PS: der CX1000 ist zwar nicht mehr im Katalog, aber noch bestellbar. Alternativ hier dann den CX1010


----------



## micha732 (19 Oktober 2009)

*VIPA System 100V*

Hi,

hier folgender Vorschlag:

1x VIPA CPU 115
1x VIPA EM 16DI/16DO System 100V
1x TD03, incl. TD-Wizard

Liste: 808 €


Wenn du noch in Besitz eines ProTool bist kannst du das VIPA OP03 auf damit Programmieren.
Es gibt auch noch eine weitere Variante:

1x CC03 (OP03 und CPU mit 16DI/16DO in einem!)
1x VIPA EM 16DI/16DO System 100V
1x Erweiterungskabel
Liste: 927 €


Die alles entscheidende Frage ist: STEP7- oder Codesys-Programmierung?

Bei VIPA nur STEP 7!

Gruß
Micha732


----------



## Chräshe (19 Oktober 2009)

Hallo Oli,

 prinzipiell finde ich es immer positiv, wenn bei der Hardware gleich eine Steuerung mit richtig Leistungsreserven gewählt wird. Sollte eine LOGO aber wirklich ausreichen, wäre ein CX von Beckhoff dann doch etwas hoch gegriffen. Ein  BC9100 oder BC9120 sollte dann auch problemlos ausreichen.
 Als Display würde ich das „EXTER T40“ von Beijer vorschlagen. Das ist zwar ein Touchdisplay, kostet aber auch nur ~550€.  

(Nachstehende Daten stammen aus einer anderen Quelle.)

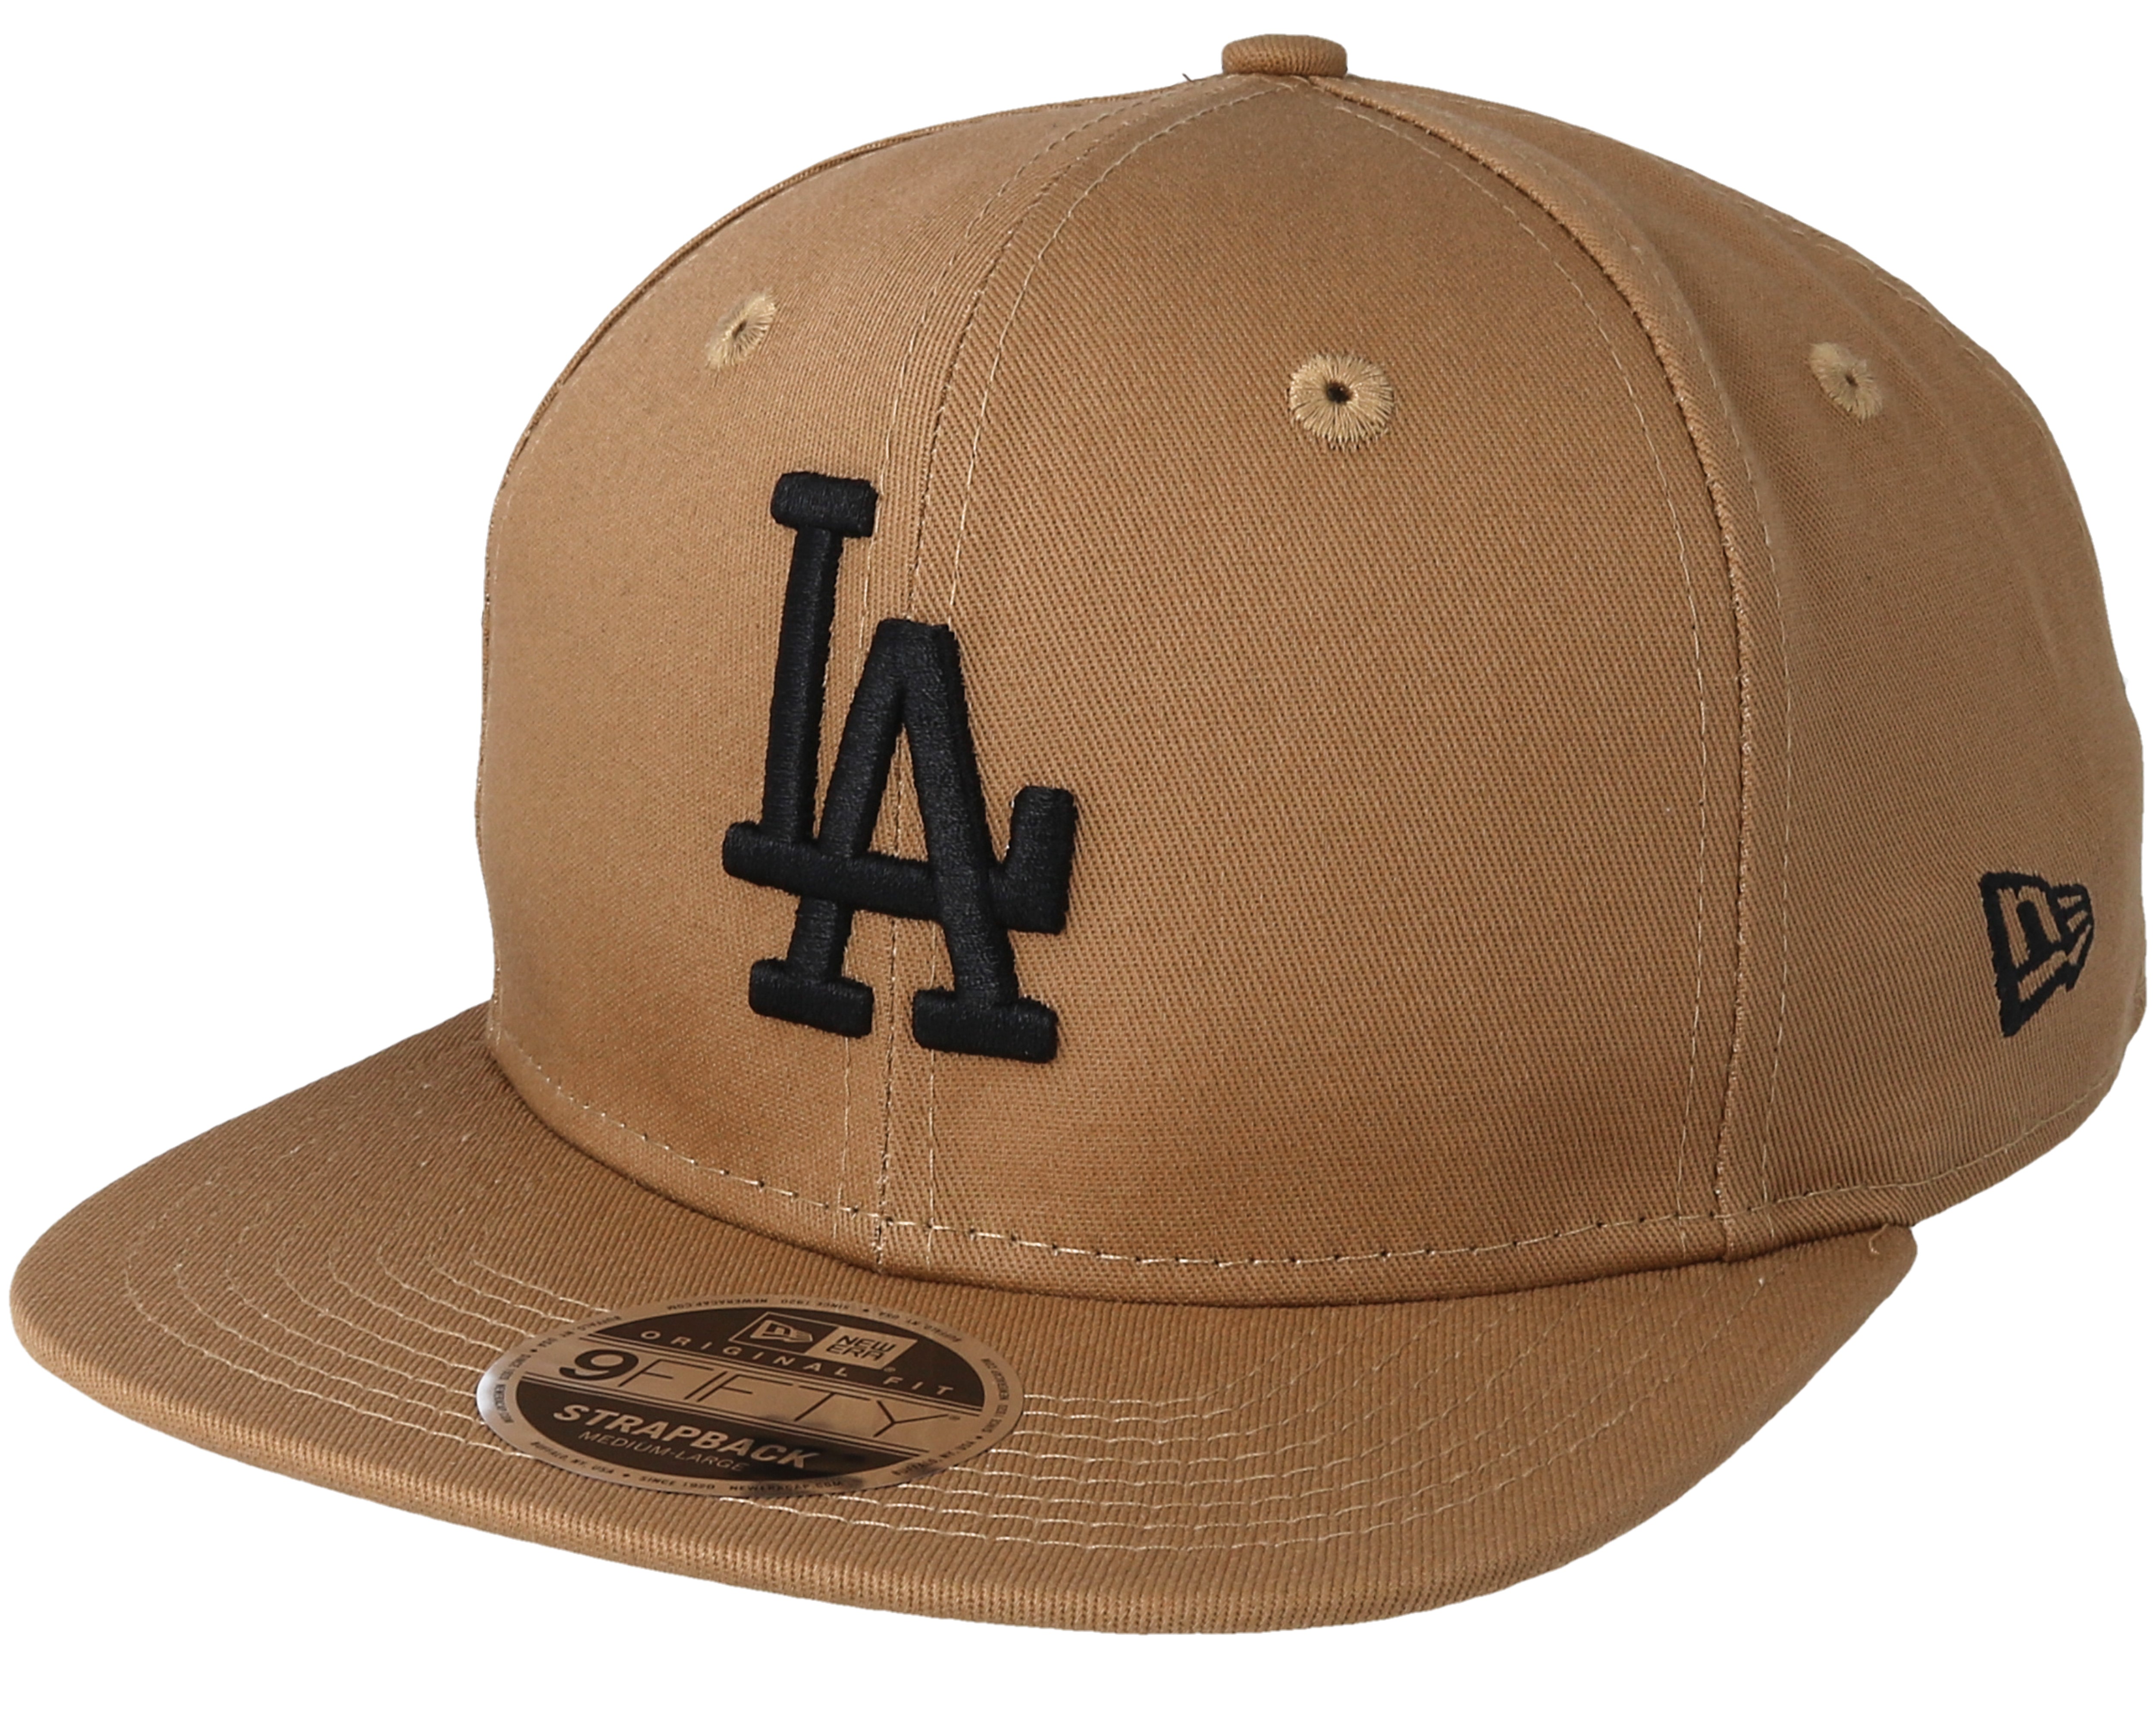 La hat. 9 Fifty бейсболка New era хаки. New era cap. Бежевая кепка la Dodgers бежевые. La Dodgers Snapback.

 Bei Interesse gibt’s hier noch mehr Infos....
http://www.sps-forum.de/showthread.php?t=26747

 Info zum Hersteller:
http://www.beijerelectronics.com/we...AllDocuments/0A012F3CCD46CADEC12573910038C305

 Gruß
 Chräshe


----------



## Oberchefe (20 Oktober 2009)

Panels:
http://www.wachendorff.de/wp/pgr_bed.html

WBG12864 sollte reichen wenn die Timerverstellungen nicht zu häufig nötig sind. Per Modbus anbinden, fertig.


----------